6. Alcohol metabolism produces Acetaldehyde. This is a known carcinogen. I know this is one of the bullets above, but it’s an important one to highlight. It gets its own point, so you get the points point.

“Most of the ethanol in the body is broken down in the liver by an enzyme called alcohol dehydrogenase. This transforms ethanol into a toxic compound called acetaldehyde, a known carcinogen.” (https://pubs.niaaa.nih.gov/publications/aa72/aa72.htm).

“Acetaldehyde is the most abundant carcinogen in tobacco smoke. It is reasonably anticipated to be a human carcinogen.” (https://pubchem.ncbi.nlm.nih.gov/compound/Acetaldehyde).

7. Alcohol is a (legal) drug. Drugs have a biological effect on the body, and alcohol’s effect is as a depressant (sedative). Mind.org.uk state depressants “make you feel relaxed, chilled out, and mellow. Possible paradoxical effects — anxiety, nightmares, aggression. They are dangerous at high doses. They are addictive.”

In the UK Alcohol is not currently controlled by either the Medicines Act or the Misuse of Drugs Act. These are where you get Class A, Class B, and Class C from. Instead specific alcohol laws cover it, which can confuse whether alcohol is a drug or not. Make no mistake, alcohol is a drug.

On social media I recently saw a post from a community group from an outraged mother. She had found a small bag of cannabis in the street whilst walking her kids to school. The post showed a picture of the bag with outraged comments. They were aghast how someone could leave such a dangerous substance in the street. What would have happened if her kids found it by themselves? The post warned about the danger of drugs, the misery, and heartache they bring. It also stated how common and omnipresent they are becoming in society.

The post attracted lots of comments from others with the same viewpoint. The language used was strong and clear about drugs. The profile picture of the poster showed them in a relaxed pose, smiling with a glass of wine in their hand. Some of the profile pictures of the other commentators showed them in a similar pose. Lots of them were clutching a glass of alcohol. My view is they were trying to portray they were happy, content, and relaxed people. They were not expressing they rely on a drug to make them this way. But this highlighted how we accept alcohol in our society and don’t see it as a drug.

In their houses there is likely a separate cupboard or drinks cabinet. It serves as the adults special tabernacle to house their drug of choice. Their children are aware of this place. They’ll also be aware, like I was, that it contains something forbidden to them. Something for adults like mum and dad, but not for children. So, it becomes very curious and alluring to a child who takes examples from their parents. In our children’s minds we are reinforcing that alcohol is special.

They can’t wait until they are old enough to be home alone. Because where do you think the first place they’re going to be exploring is?

Later in the same community forum, I came across a picture of a man resting in the street at night. He looked rather tired and emotional. I recognised him as whenever I visited my old local pub he’d be there. Every time. What I could deduce from the picture is that someone had found him unconscious in the street. He was on his way home from the pub. He was unconscious because he’d drunk too much alcohol.

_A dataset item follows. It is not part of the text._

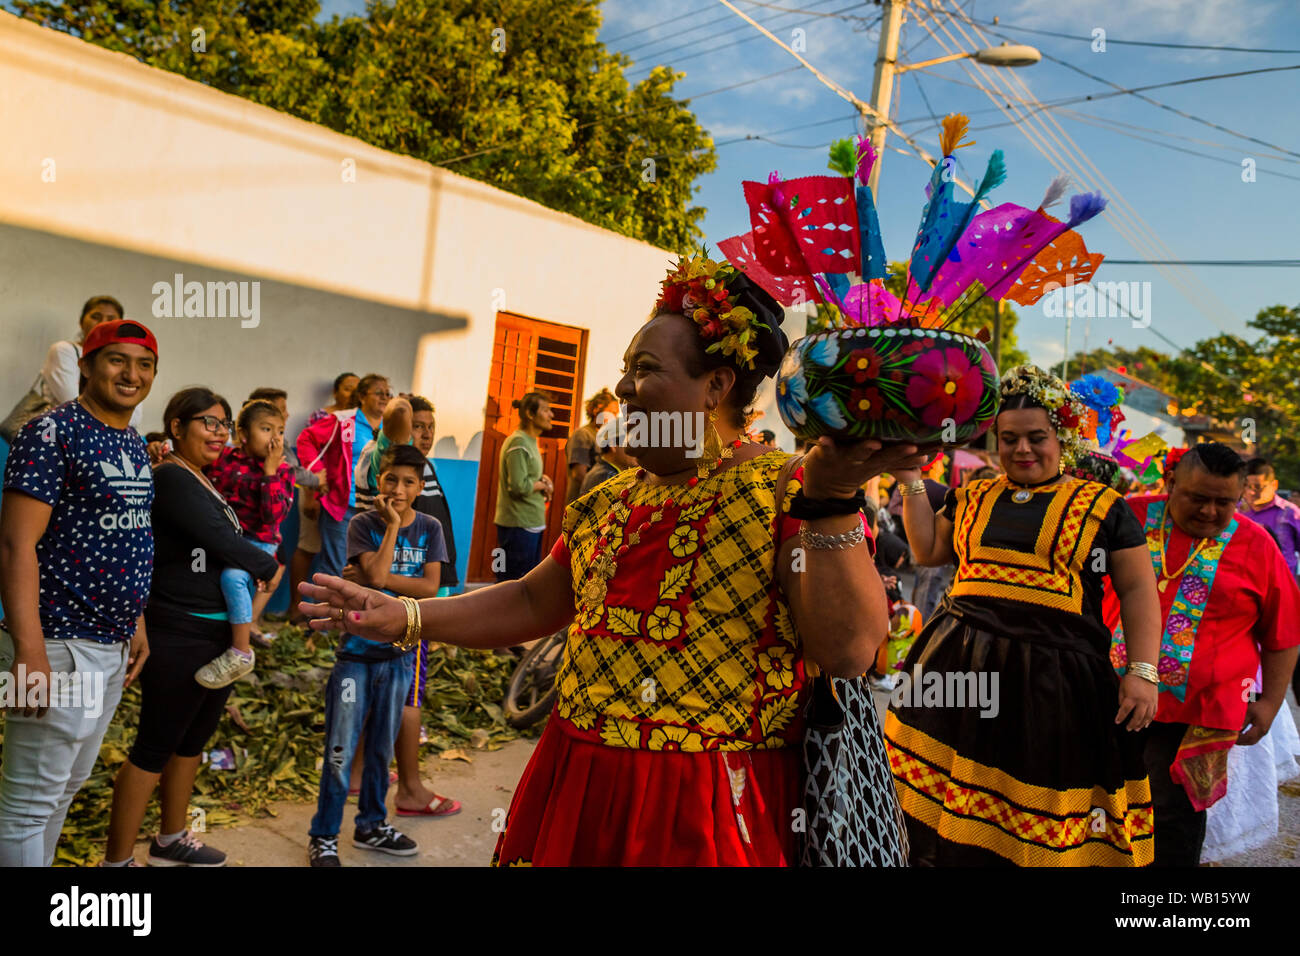 Un Mexicain "muxe" (typiquement, un homosexuel homme portant les vêtements féminins) accueille le public pendant le festival à Juchitán de Zaragoza, Mexique. Banque D'Images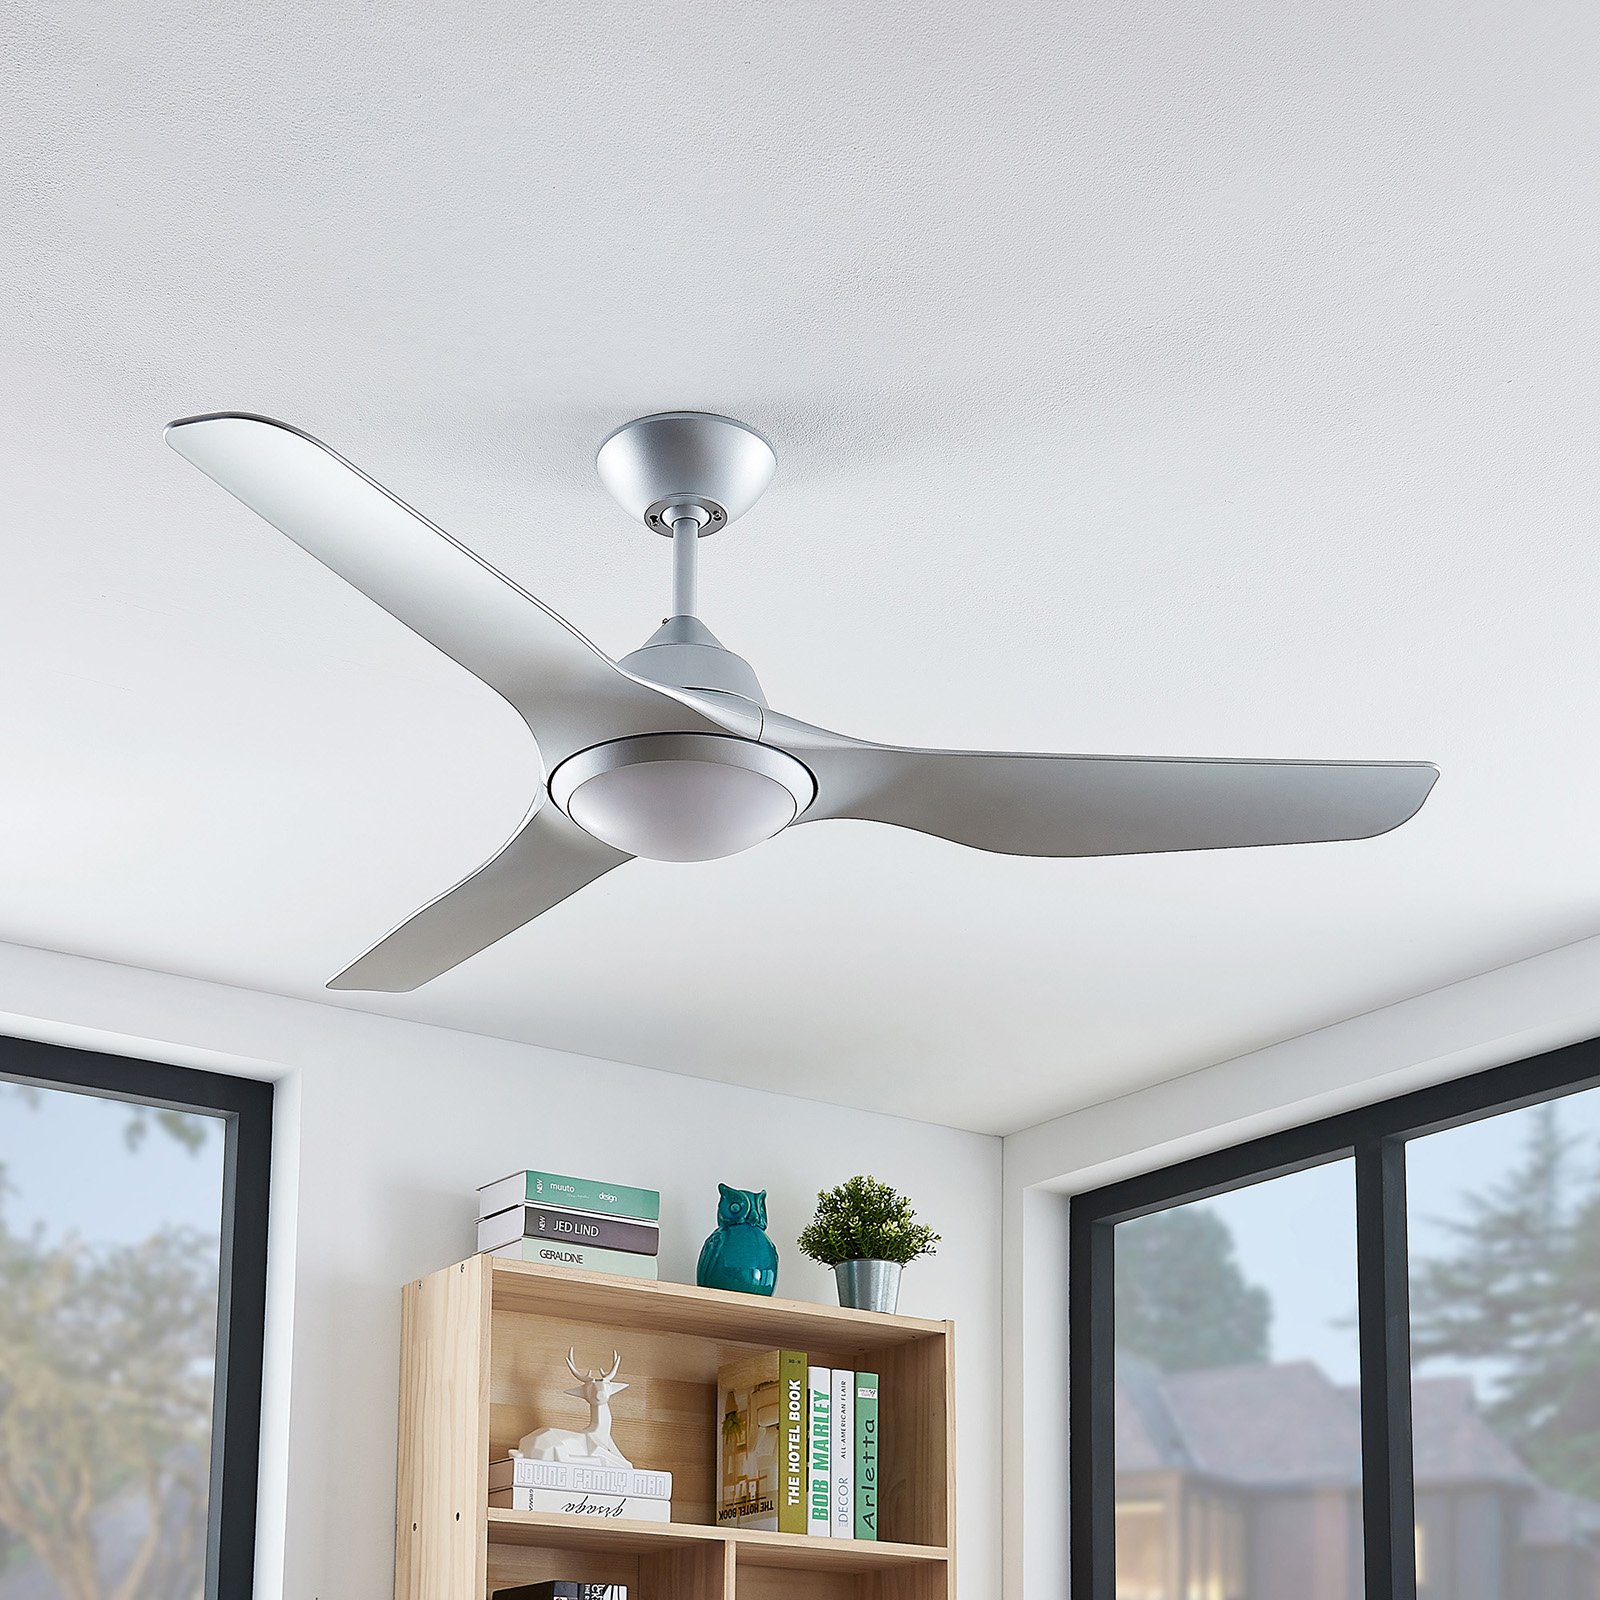 Starluna Pira LED ceiling fan, 3 blades silver

Because of my experience I’m fairly good at recognising people with drink problems. His signal beeped loud and clear on my radar.

The picture actually looked like a drug addict collapsed unconscious in the street. Which actually was the scenario. There was a marked difference in the comments posted about this picture compared to the “drug” one. Was this because some commentators knew the man? The original post comment was something like “found poor old xxxx asleep on his way home from the pub. Shouldn’t have had that “one for the road” ha ha.”

Other comments on the post were softer, lighter, and accepting in tone. There was a real understanding this happens to us all now and again. None of them mentioned the dangers of drugs, or the misery and heartache they bring. Or how common they are becoming in society. They were jovial as though the situation was funny. The commentators related with the experience. They were able to recognise themselves within it. After all, who hasn’t drunk too much alcohol from time to time?